To run a Dask cluster on Kubernetes capable of GPU compute you need the following:
- Kubernetes nodes need GPUs and drivers. This can be set up with the NVIDIA k8s device plugin.
 
- Scheduler and worker pods will need a Docker image with NVIDIA tools installed. As you suggest the RAPIDS images are good for this.
 
- The pod container spec will need GPU resources such as 
resources.limits.nvidia.com/gpu: 1 
- The Dask workers needs to be started with the 
dask-cuda-worker command from the dask_cuda package (which is included in the RAPIDS images). 
Note: For Dask Gateway your container image also needs the dask-gateway package to be installed. We can configure this to be installed at runtime but it's probably best to create a custom image with this package installed.
Therefore here is a minimal Dask Gateway config which will get you a GPU cluster.
# config.yaml
gateway:
  backend:
    image:
      name: rapidsai/rapidsai
      tag: cuda11.0-runtime-ubuntu18.04-py3.8  # Be sure to match your k8s CUDA version and user's Python version
    worker:
      extraContainerConfig:
        env:
          - name: EXTRA_PIP_PACKAGES
            value: "dask-gateway"
        resources:
          limits:
            nvidia.com/gpu: 1  # This could be >1, you will get one worker process in the pod per GPU
    scheduler:
      extraContainerConfig:
        env:
          - name: EXTRA_PIP_PACKAGES
            value: "dask-gateway"
        resources:
          limits:
            nvidia.com/gpu: 1  # The scheduler requires a GPU in case of accidental deserialisation
  extraConfig:
    cudaworker: |
      c.ClusterConfig.worker_cmd = "dask-cuda-worker"
We can test things work by launching Dask gateway, creating a Dask cluster and running some GPU specific work.

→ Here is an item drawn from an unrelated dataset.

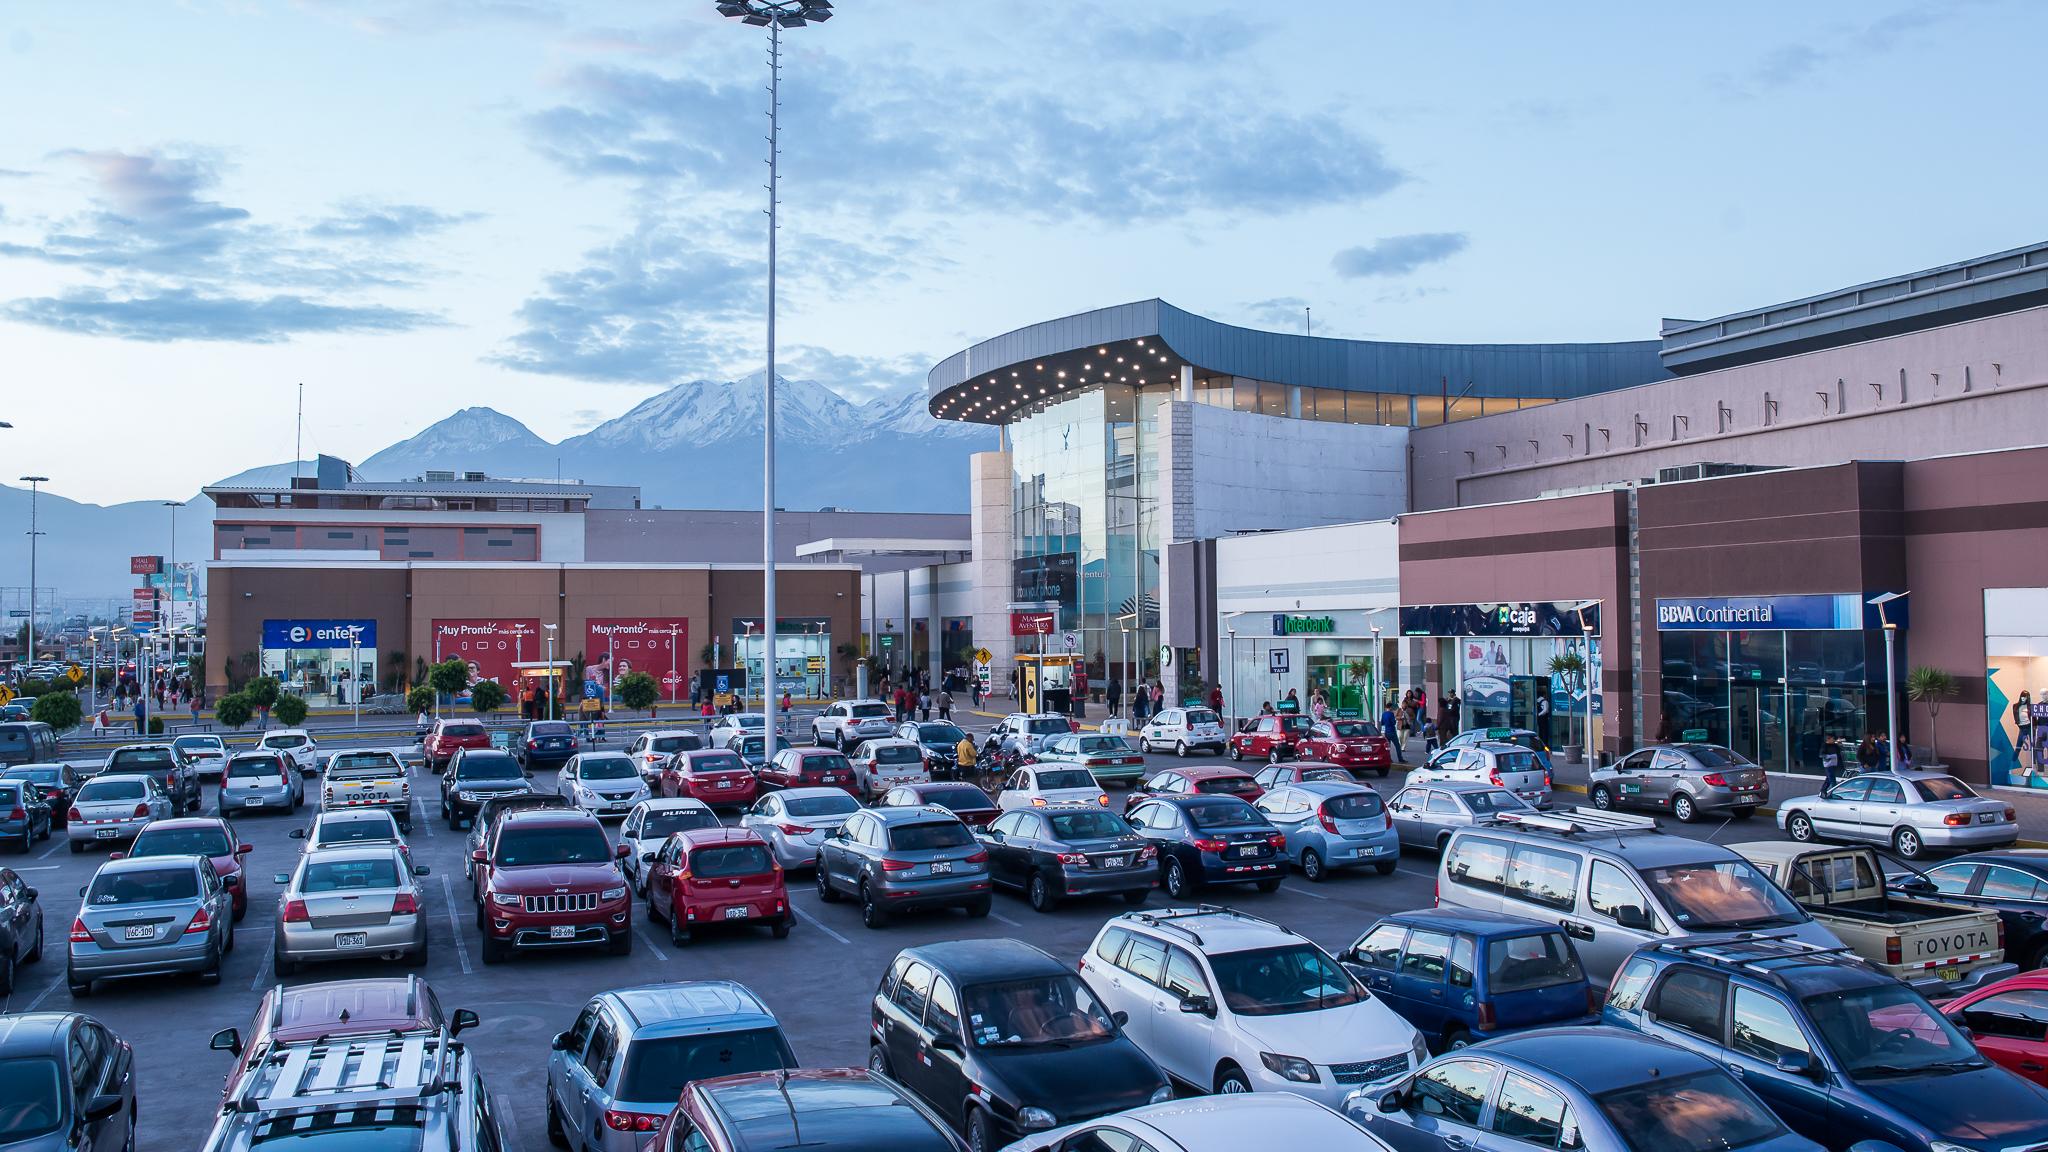 Mall Aventura Arequipa - Mall Aventura Arequipa invertirá S/ 45 millones para ampliación

Here is an example where we get the NVIDIA driver version from each worker.
$ helm install dgwtest daskgateway/dask-gateway -f config.yaml
In [1]: from dask_gateway import Gateway
In [2]: gateway = Gateway("http://dask-gateway-service")
In [3]: cluster = gateway.new_cluster()
In [4]: cluster.scale(1)
In [5]: from dask.distributed import Client
In [6]: client = Client(cluster)
In [7]: def get_nvidia_driver_version():
   ...:     import pynvml
   ...:     return pynvml.nvmlSystemGetDriverVersion()
   ...: 
In [9]: client.run(get_nvidia_driver_version)
Out[9]: {'tls://10.42.0.225:44899': b'450.80.02'}